Fortunately, most DPL members go back to their drawing boards and with some guidance work to get it right. The most common failures discovered are video output inconsistency among all four FRL channels along with Status and Control communications.
In addition, with active devices such as AOC (Active Optical Cables), we are finding input sensitivity irregularities, power supply inadequacies and, worst of all, Multimedia Radiated Emissions CISPR 32.
I’ve explained the severity of Radiated Emissions surrounding digital electronics both in egress and ingress. The invisible pollutant it produces can cause havoc over just about any digital signal environment. These are all serious issues being watched over globally and must be addressed before products are put into service.
However, is when a product enters DPL Labs’ staging process and is accompanied by a pre-certification document only for the cable sample to fail profusely beyond what the test documents report and claim. At that point the question is: How does this happen? All these tests are pretty much standardized and to be this far off, something has gone astray, failing consumer satisfaction.
When Products Fail to Live Up to Certification Claims
It is our opinion that there can be only two reasons for this to happen.
First is the rule of the Golden Sample. This tactic is used when a defined specification for a product is in production and not monitored or enforced. A Golden Reference Sample is submitted into test and has all the attributes required to pass all required limits.
However, over time and multiple productions runs these additional Golden Reference practices are passed over and put into service without the correct material and workmanship the Golden Sample was tested under.
Case in point: We’ve had cable samples re-entered into tests three, four, five times with some eventually passing and others not. On some occasions, they come in after their first go-around and fail due to missing parts discovered after dissecting the device.

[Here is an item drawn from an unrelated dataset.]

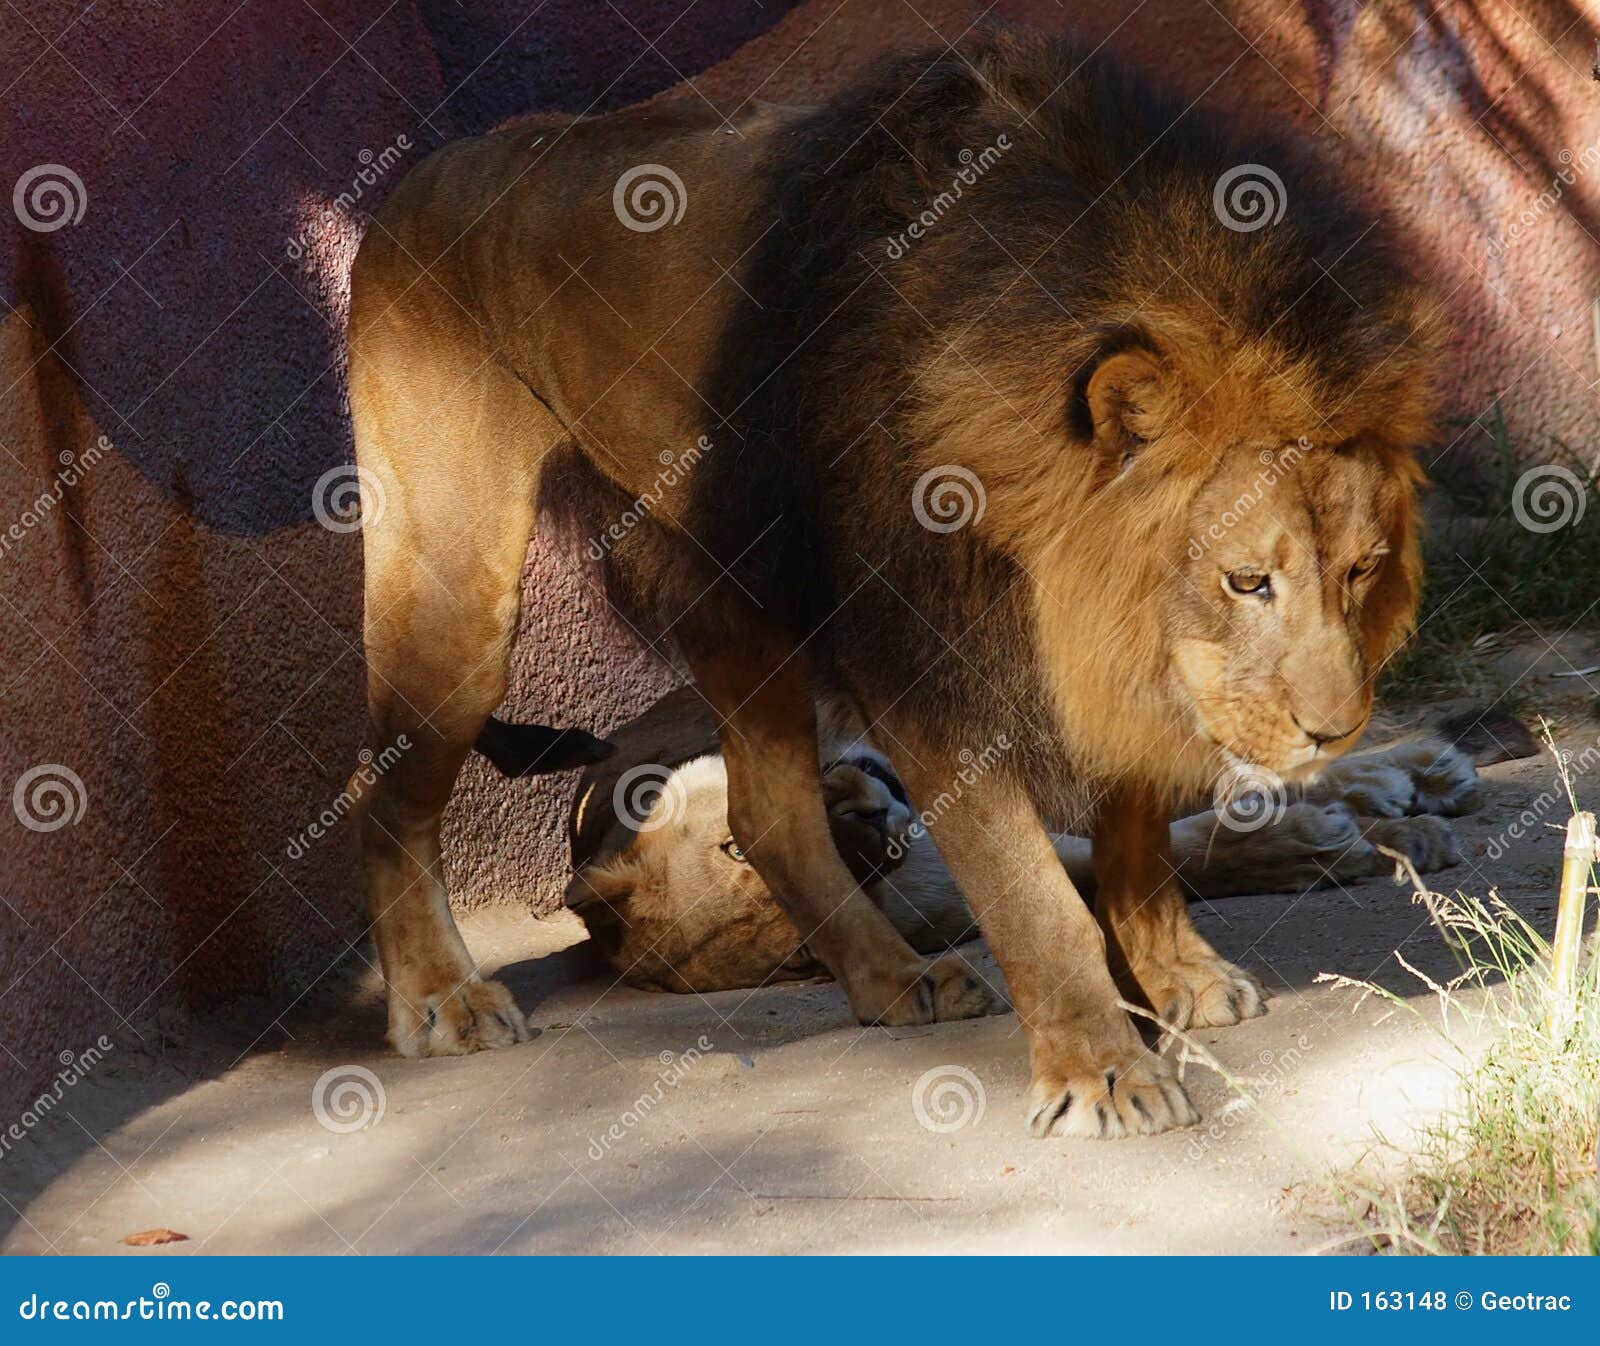 male lion guarding his female lion

Yet other active products can arrive with improper label assignments (source and display markers reversed, for instance).
The second way is much easier to happen. The cable manufacturer sends a couple of models in for testing and verification; if one or two pass, they then release the rest of the product line directly into service. To alleviate this problem, certification labels are affixed to each product.

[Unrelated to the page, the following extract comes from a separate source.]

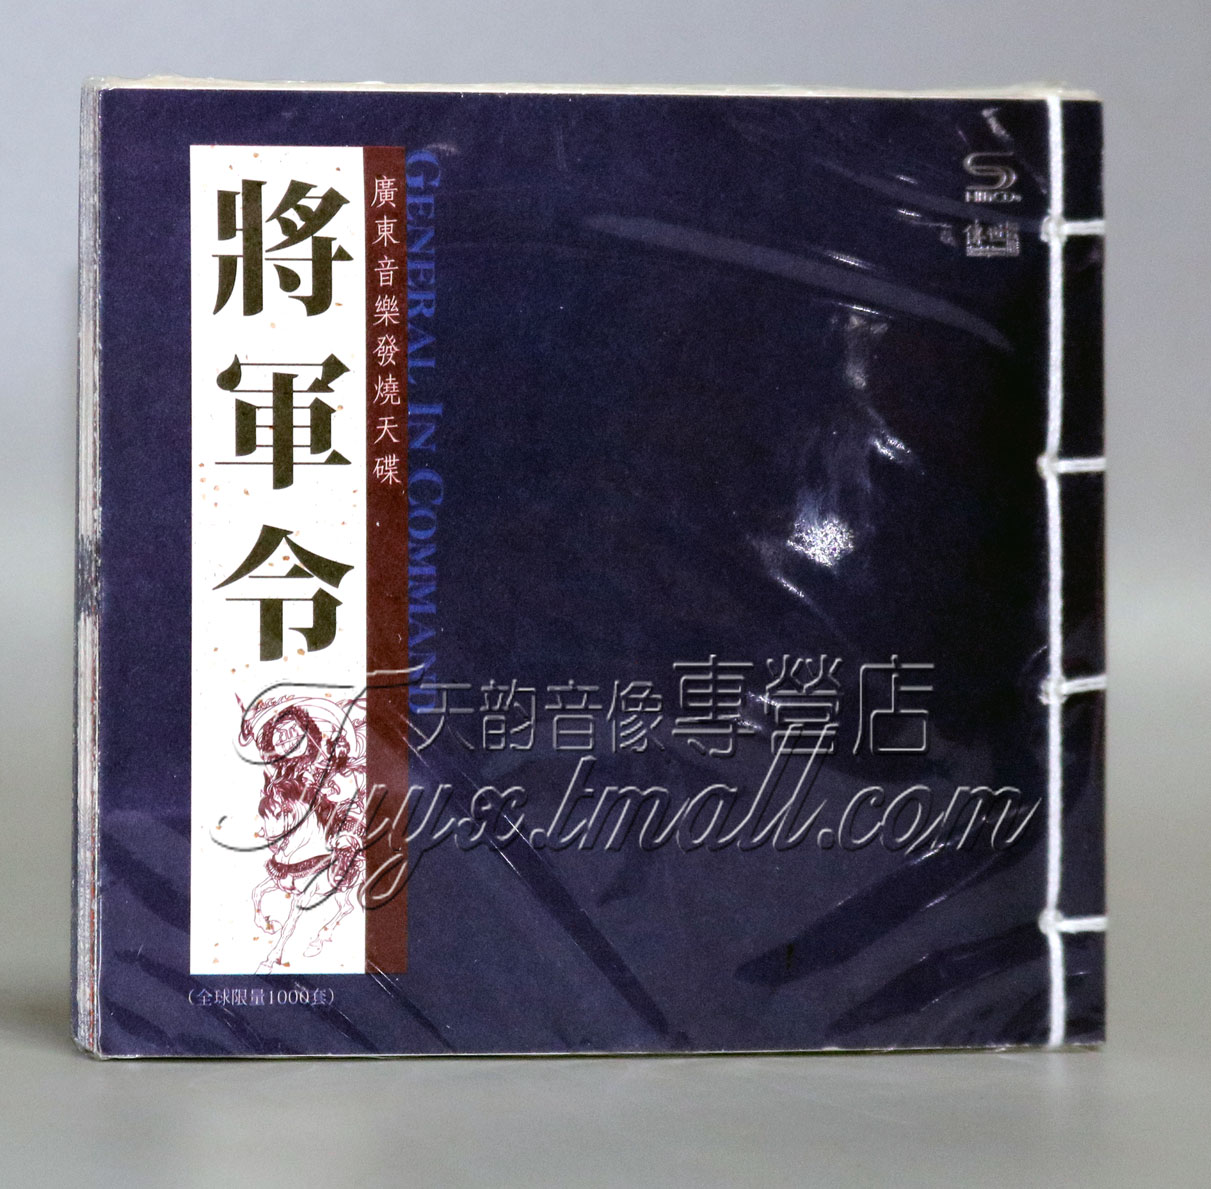 【正版发烧】传世名作 纯民乐 广东音乐发烧天碟《将军令》1CD

These are copy-protected, encrypted labels that can only be used with a registered product that successfully passed certification. They can be thought of as a cable’s birth certificate — it will never be with any other cable and is there for life.

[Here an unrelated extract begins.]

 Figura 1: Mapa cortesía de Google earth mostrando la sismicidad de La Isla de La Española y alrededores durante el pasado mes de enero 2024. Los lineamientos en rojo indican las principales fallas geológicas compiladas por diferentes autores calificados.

These maneuvers are sometimes referred to as Run Silent and tell nobody, Run Deep and stay under the radar. To the producer, this could be all good as long as they are not caught. Just one incident can bring this all down be it a complaint from a customer, distributor, or integrator, and the worse is a competitor or test. Big trouble lurks.
It was discovered many years ago that reoccurring product production would arbitrarily be changed or modified after the first delivery was depleted. Many times, changing the performance of the product with no notification to the branded company. All DPL Members have the luxury of having their products re-tested after each production build to verify they are still at peak performance.